エコノミスト永濱利廣の経済コラム (第162話)

第162話:景気拡大と財政再建の両立に大きな課題

 長期金利はマイナス金利の影響で2016年3月からはマイナスに沈んだが、その後は日銀のイールドカーブ・コントロール導入により2016年12月からプラスに転じた後、現在は+0.0%台の水準にある。

 2016年9月から長期金利が上昇したのは、日銀がイールドカーブ・コントロールを導入したことと、トランプラリー等により景気が回復しそうだとの観測を反映した面が大きい。基本的に景気が良くなる期待が高まれば、物価上昇期待も高まり、金融緩和の出口の可能性が出てくるため、長期金利の上昇要因となる。

 ただ、近年では日銀のイールドカーブ・コントロール導入により日本と海外の間で長期金利の連動性が低下しており、海外の金利が国内の長期金利に及ぼす影響が小さくなっている。こうしたイールドカーブ・コントロールの枠組みは、世界経済が良いときは緩和効果が増幅されるが、世界経済が悪いときは金融引き締め効果にもなりうるため、金融緩和の効果を見通す上で海外の景気や物価、金利動向などの注視が必要だ。

 こうした中、日本の財政は深刻な状況にあるといわれている。経済協力開発機構(OECD)によれば、日本における一般政府(国と地方自治体など)の債務残高は名目国内総生産(GDP)比で200%を超え、主要先進国中で最大である。時系列で見ると、リーマンショックに伴う世界金融危機とともに急速に膨れ上がったことがわかる。
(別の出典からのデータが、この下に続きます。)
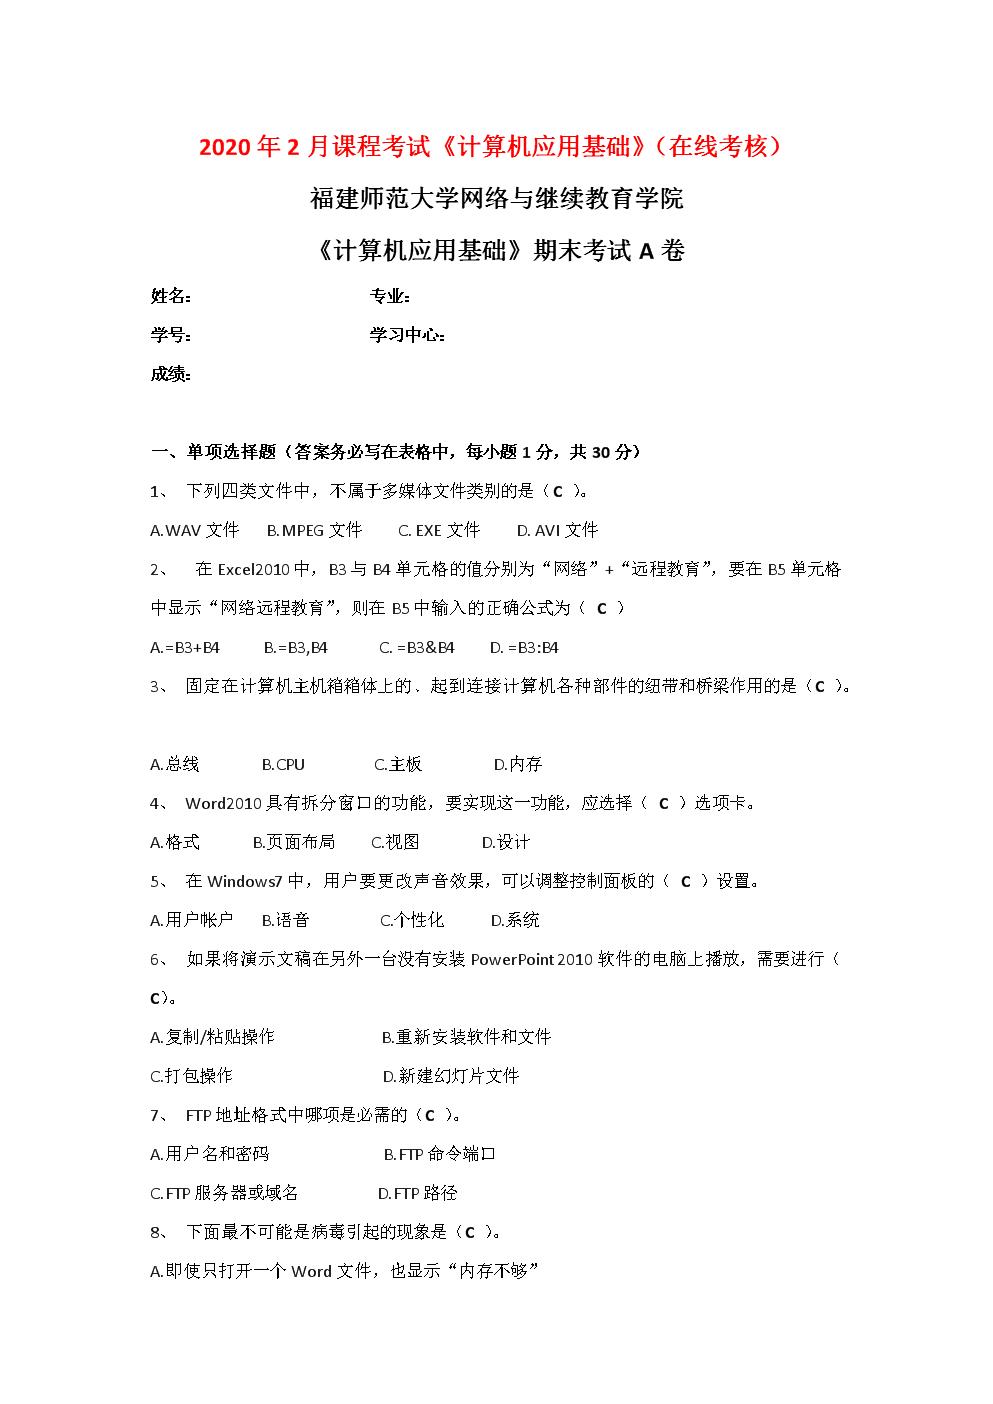 福建师范大学2020年2月课程考试《计算机应用基础》期末试卷A(在线考核)答案.docx

 ただ、新規国債発行額は2013年度以降減少に転じ、2018年度には33.7兆円まで低下する見込みだ。これは歳入面で企業収益増加により法人税収入が大幅に増えて税収が増加したことに加え、歳出面では社会保障の効率化効果が表れたためである。

 財政破綻を回避するには、名目GDP比で上昇が続く政府債務残高の持続的な上昇を止める必要があり、政府は2025年度に国と地方の基礎的財政収支の黒字化目標を先延ばした。基礎的財政収支とは、債務返済や利払い費を除いた歳出と、国債などの借金を除いた歳入との収支を指す。

基礎的財政収支が均衡すれば、その年の政策に必要な経費を税収で賄え、必要な公債発行は過去の債務の元利払いに充てる分だけになる。さらに名目GDP成長率と債務の名目金利の水準が等しくなれば、債務残高はGDP比で一定となる。

 2018年度の国と地方を合わせた基礎的財政収支は当初予算ベースで約10兆4000億円の赤字となっている。これをもって、日本の財政は依然永続的に維持できる状況になく、赤字解消のために歳出削減や増税が必要であるとする向きもある。ただ、歳出削減や増税は景気を抑制する効果があり、現在のように先行き不透明感が高まっている中での増税は、税の大幅な自然減収に結びつく可能性もある。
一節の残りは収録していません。